I'm making a new workout playlist. Here's a listen:

Friday, June 25, 2010

Far from over

So, today is the final day of the Spartan 300 Challenge and I met Coach Crystal to get my body comps done. Here's how it turned out:

After 7 weeks, I've dropped another 2% body fat, lost 4 inches from my waist, hips, and thighs, and added 3 inches to my shoulders and calves. My weight stayed the same, meaning I added lean muscle (yay!), however, I managed to drop another pant size (down to a size 6 now). This is what I'm talkin' about!

As far as strength goes, I'm definitely getting stronger. I've PR'd on pullups, pushups, dead lift, squat, clean, and press. I'm now using the Rx weight in most WODs. The progress feels great!

The benchmark workout is tomorrow morning, and I'm ready. My goal is to finish the WOD this time. I have a feeling I will! Regardless of how it all turns out, I am proud of myself and feel like this is just the beginning.
WOOT!

Like Drake says, "I'm livin' life right now, man... And this what I'ma do 'til its over, 'til its over.. But it's far from over"

Wednesday, June 9, 2010

Dancin' Through Life

From Rev Run Wisdom:
Some may laugh at you for dancin' through life. You're not crazy, they just can't hear the music you're jammin' to! Keep Laughin'!

Dance and laughter is contagious! Spread LOVE!

Wednesday, June 2, 2010

What Makes Us Stronger

I came across this post today that I think is worth sharing. It was written for a newsletter by AdvoCare's Ron Reynolds, who is also a US Air Force Veteran, aerospace engineer, and author.

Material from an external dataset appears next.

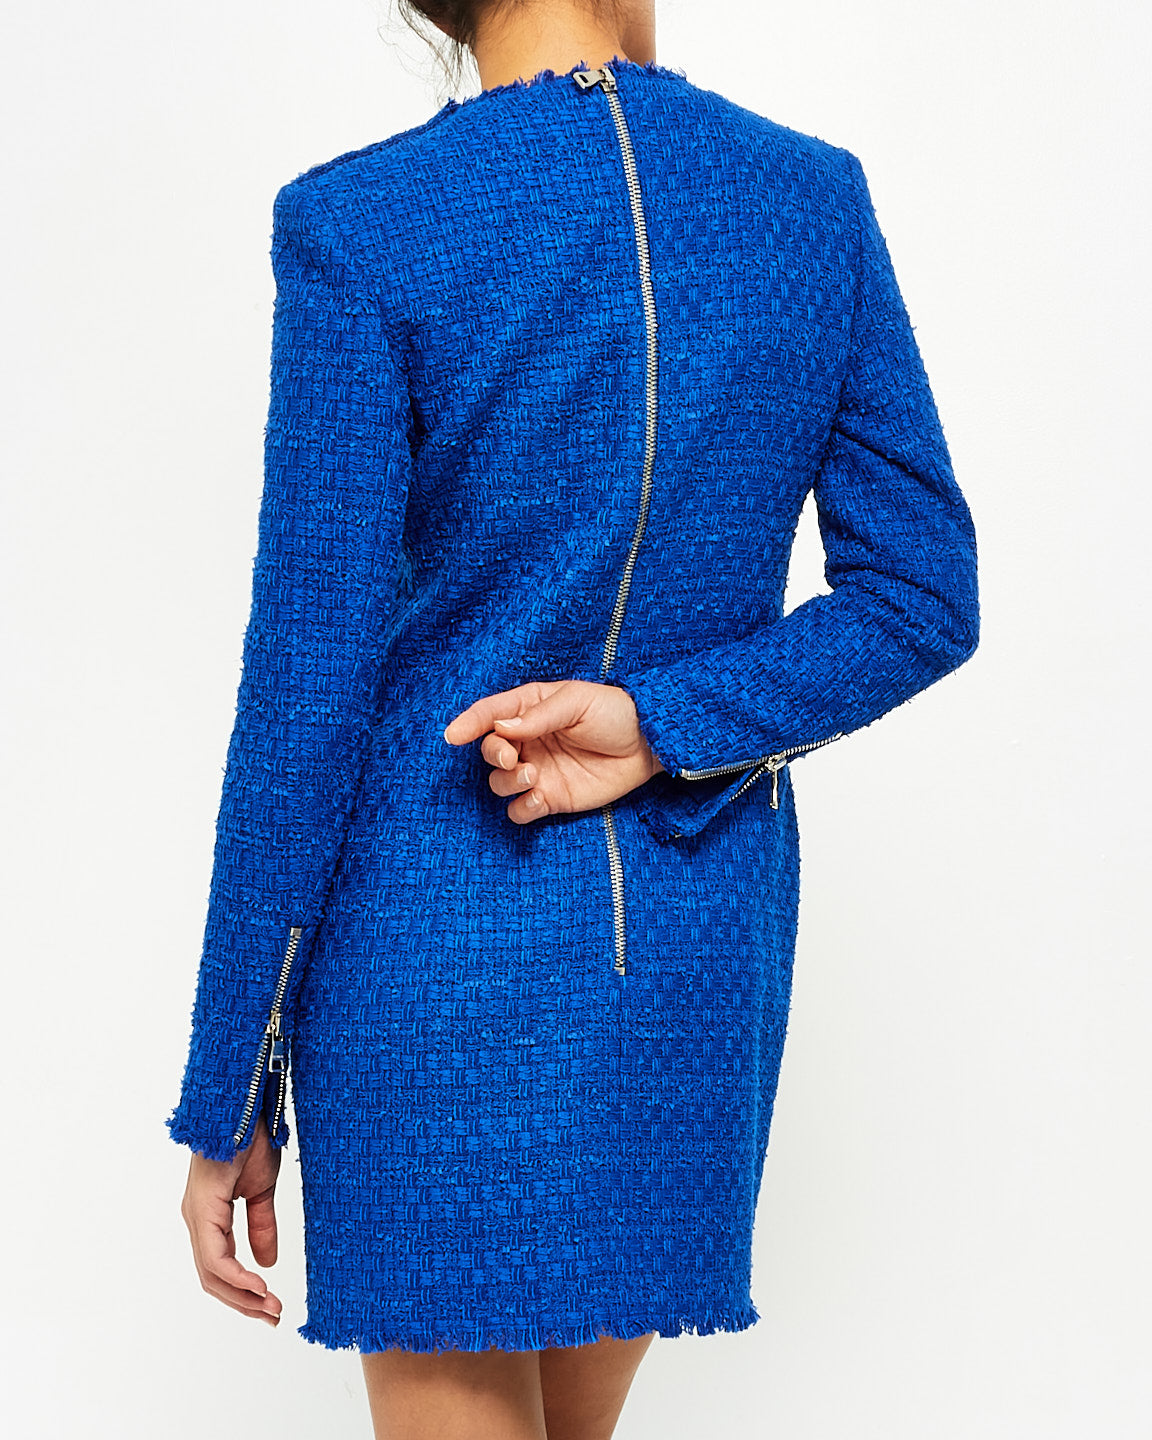 Balmain Royal Blue Tweed Dress - 40

Ron provides insight on how the challenges we face as children and adults actually enable us to grow to become much stronger than if we weren't exposed to it or were too protected from it. Word! 

There's a growing movement underway in our country that seems to have come from those who are inclined to want to protect us from ourselves and who want to pass any imaginable law that will make all of us more equal. The movement I'm referring to actually began several years ago; some parents got together and their cause was to change the grading system in the elementary school systems so that no child would receive a lesser "grade" that might make him or her feel inferior. After all, a child who becomes "damaged" by such life experiences may well carry those scars with them for their entire life, and how fair is that? These are probably the same people who allow their children to run and scream in restaurants and airports and other places, because to discipline them would do harm, and no responsible parent wants to do that.


Now, I understand the love of a parent and how we want to hover over our sons and daughters, and that's as it should be. But to "hover" to the extent that you will go to any length to shield kids from the negatives of life is to do them a disservice that won't become apparent for many years; sooner or later, the protected child will go into the world and become exposed to setbacks, disappointments, failures, threats, intimidation, performance evaluations at work, unfairness and insult, and they will be disarmed and unable to cope with such experiences. Some people will even send your kids "negative" e-mails.


I don't know about you, but as I look back over my years and all of the negativity I encountered - and there was lots of it - each one forced me to grow; they forced my brain to wire itself in such a way that over time, I would learn from those bad experiences and become strengthened by them, not diminished by them. I have a memory of being put on the porch of my grandmother and left there, because my parents decided they weren't ready for the responsibility I represented. As a few years passed, I looked with confusion and emotional trauma why it was that everyone else had a father and mother and I didn't. As more years passed, I came to understand, and it drove me to a level of understanding that it was my duty to make a place for myself. No one protected me; no one went to the school and appealed for me to get extra care and protection.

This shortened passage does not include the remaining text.